TL;DR
Hugging Face reports successful alignment of vLLM V1 with V0 in terms of backend behavior, fixing key issues in logprobs, runtime defaults, and weight updates. This ensures accurate RL training metrics before further objective changes.
Hugging Face has confirmed that vLLM V1 now matches the behavior of vLLM V0 in reinforcement learning workflows after addressing four critical backend issues, prior to implementing any changes to the RL objective.
The company identified and fixed four primary issues: the processing of rollout logprobs, runtime default settings, inflight weight update handling, and the use of an fp32 lm_head for the final projection. These fixes eliminated discrepancies in key metrics such as clip rate, KL divergence, entropy, and reward, which initially diverged during V1 testing.
Initially, vLLM V1 returned raw model output logprobs, which did not match the processed distribution expected by the trainer, leading to training metric deviations. By setting logprobs-mode=processed_logprobs, the team aligned the logprobs output with expectations. Additionally, they standardized runtime defaults, such as disabling prefix caching and async scheduling, which previously caused inconsistencies. Weight update synchronization was also refined to mirror V0 behavior, avoiding cache reuse issues during online RL updates.
Why It Matters
This development is significant because it ensures the integrity of reinforcement learning training processes that depend on accurate logprobs and consistent inference behavior. Correct backend behavior is critical to reliable policy updates, and these fixes prevent training instability caused by mismatched metrics. The focus on correctness prior to objective modifications lays a stable foundation for future model improvements.
AI model training logprobs processing tools
As an affiliate, we earn on qualifying purchases.
As an affiliate, we earn on qualifying purchases.
Background
The move from vLLM V0 to V1 was a major rewrite aimed at improving inference performance and flexibility. However, early tests revealed discrepancies in training metrics, particularly in logprobs and reward signals, which are sensitive to backend behavior. The initial V1 attempt showed divergence in key metrics such as clip rate and entropy, prompting a targeted investigation into potential causes, including semantic, inference-path, and objective mismatches. The team prioritized fixing the first two before addressing the objective, resulting in a stable baseline for subsequent modifications.
“We have aligned vLLM V1’s backend behavior with V0 by fixing logprobs processing, runtime defaults, and weight update handling, ensuring accurate RL training metrics before any objective changes.”
— Hugging Face team
“Correctness in the inference engine is essential for reliable reinforcement learning, and these fixes establish a solid foundation for future improvements.”
— Hugging Face developer

Optimization-Driven Deep Reinforcement Learning for Wireless Networks
As an affiliate, we earn on qualifying purchases.
As an affiliate, we earn on qualifying purchases.
What Remains Unclear
It is still unclear how these backend fixes will influence subsequent modifications to the RL objective or whether similar issues could arise with future updates. The long-term impact on training stability remains to be observed as further objective-level changes are implemented.

Super Duper Publications | Inferencing Quick Take Along® | Educational Learning Resources for Children
As an affiliate, we earn on qualifying purchases.
As an affiliate, we earn on qualifying purchases.
What’s Next
Next steps involve evaluating the impact of these backend fixes on actual RL training objectives, testing the stability of policy updates, and proceeding with planned modifications to the RL loss functions.
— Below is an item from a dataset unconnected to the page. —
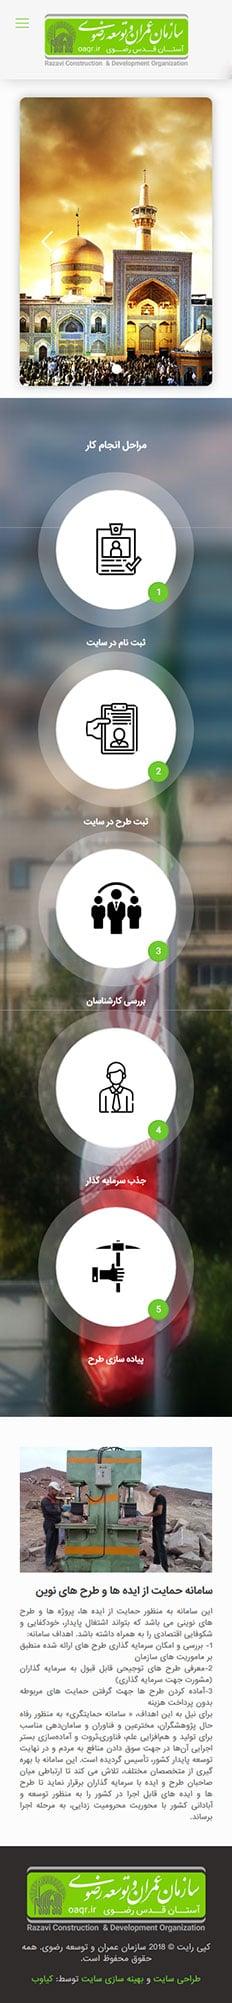 طراحی سایت مشهد, طراحی سایت سازمانی مشهد
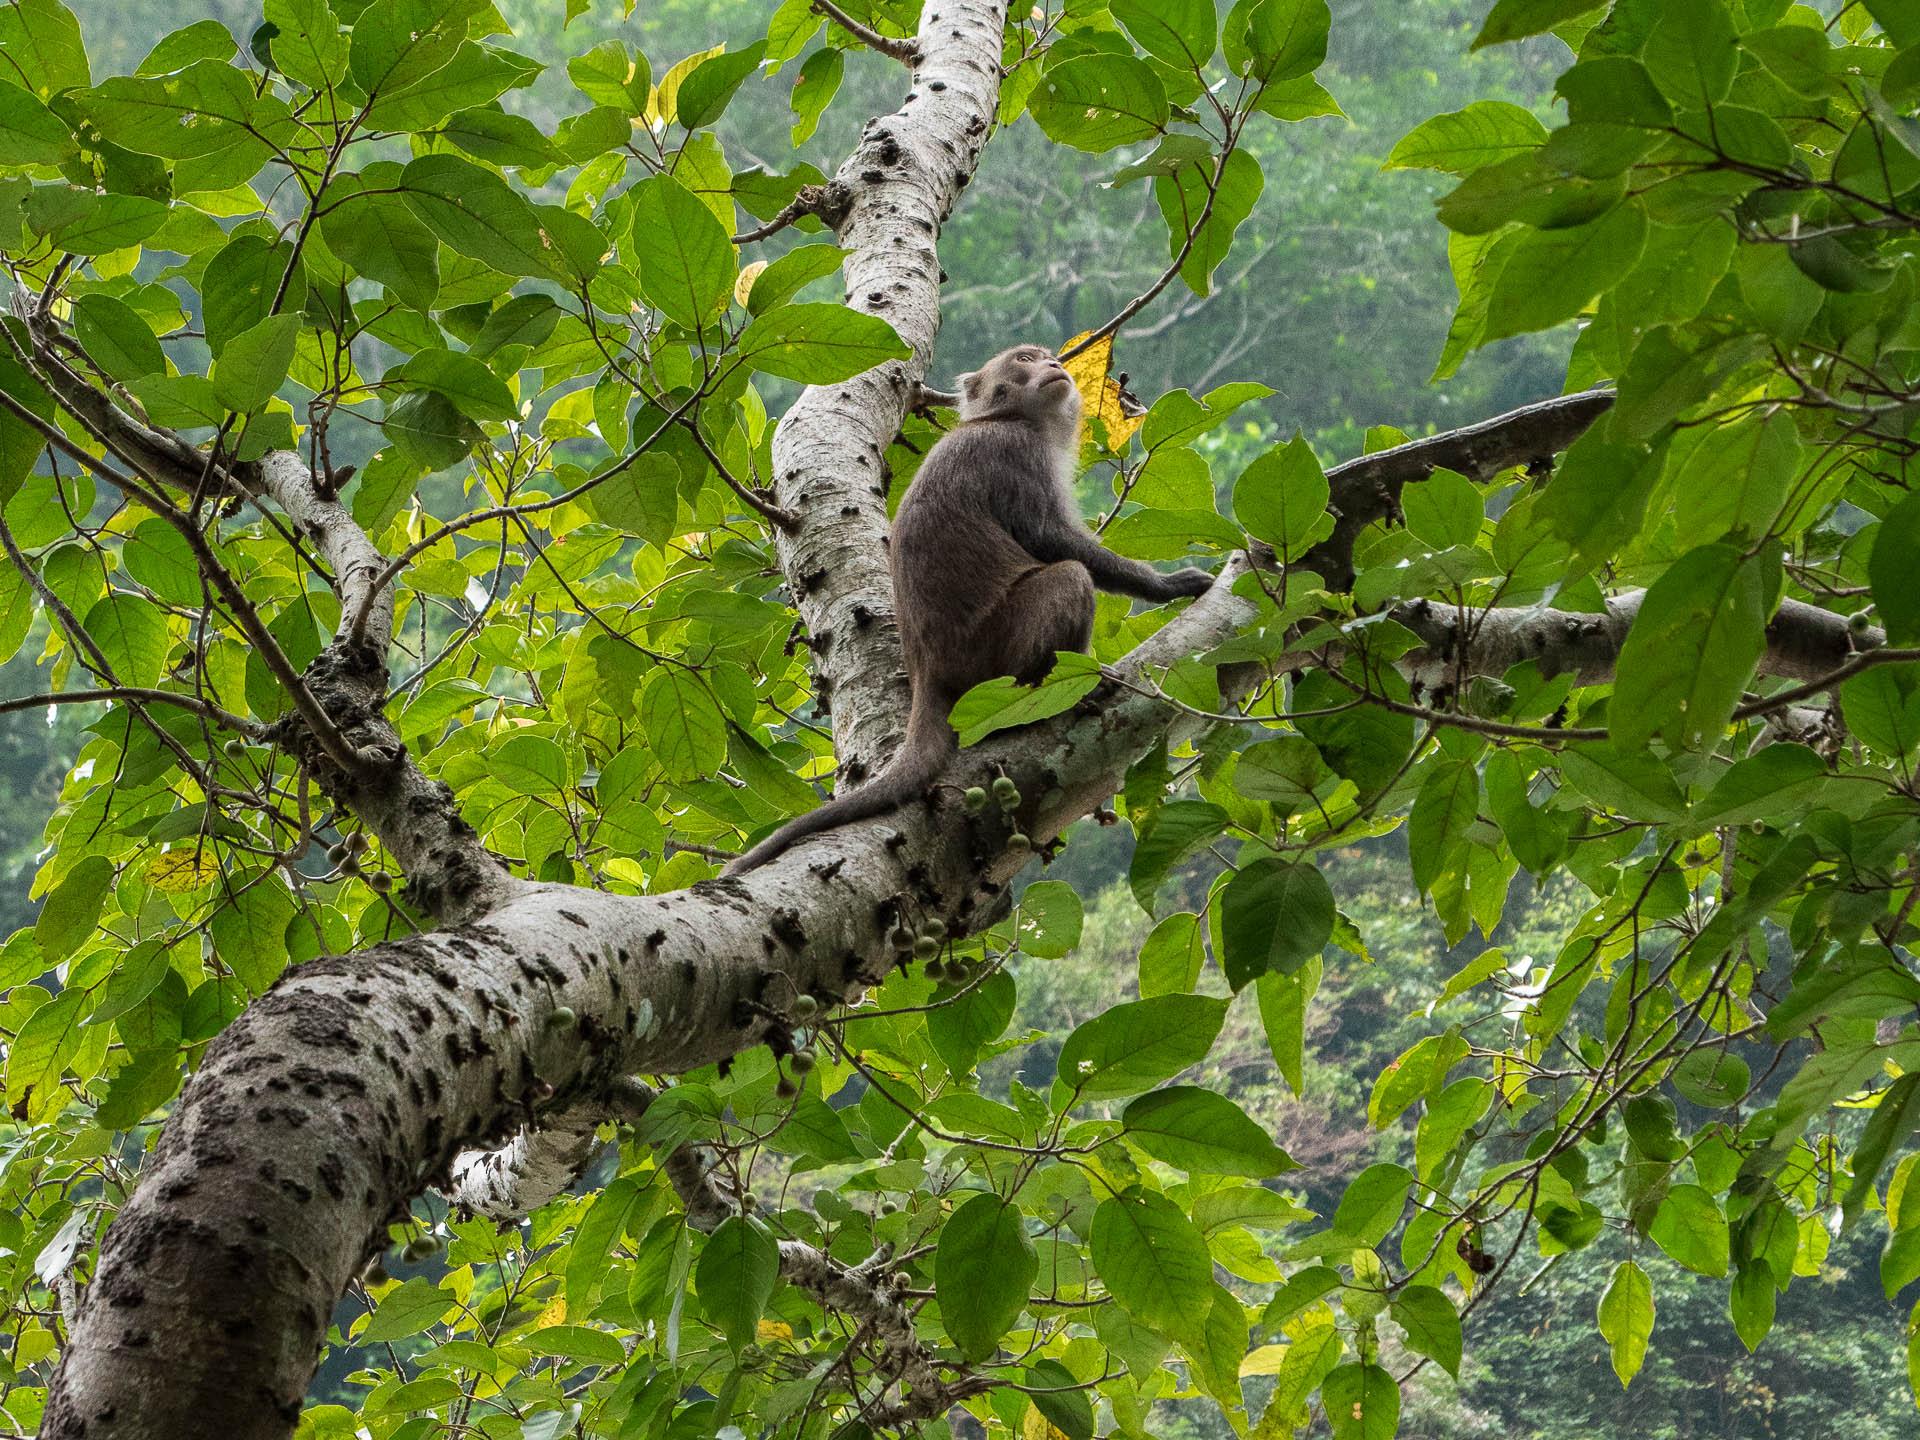 taroko singe - Les globe blogueurs - blog voyage nature

Monitoring for any residual discrepancies or new issues will be critical as development continues.
AI model weight update synchronization software
As an affiliate, we earn on qualifying purchases.
As an affiliate, we earn on qualifying purchases.
Key Questions
What specific issues were fixed in vLLM V1?
The team fixed four issues: logprobs processing mode, runtime default settings (prefix caching and async scheduling), inflight weight update handling, and the use of an fp32 lm_head for the final projection.
Why was it important to fix backend behavior before changing the RL objective?
Ensuring backend correctness is essential because discrepancies in logprobs and inference behavior can lead to unstable training metrics, which directly affect policy updates and model performance.
Will these fixes affect future model training or only the current setup?
The fixes establish a stable baseline for current training and are expected to improve the reliability of future RL training, though ongoing testing will determine if further adjustments are needed.
Are there still unresolved issues after these fixes?
While the core backend issues are addressed, it remains to be seen how these changes impact the broader training pipeline, and whether additional issues may emerge with further modifications to the RL objectives.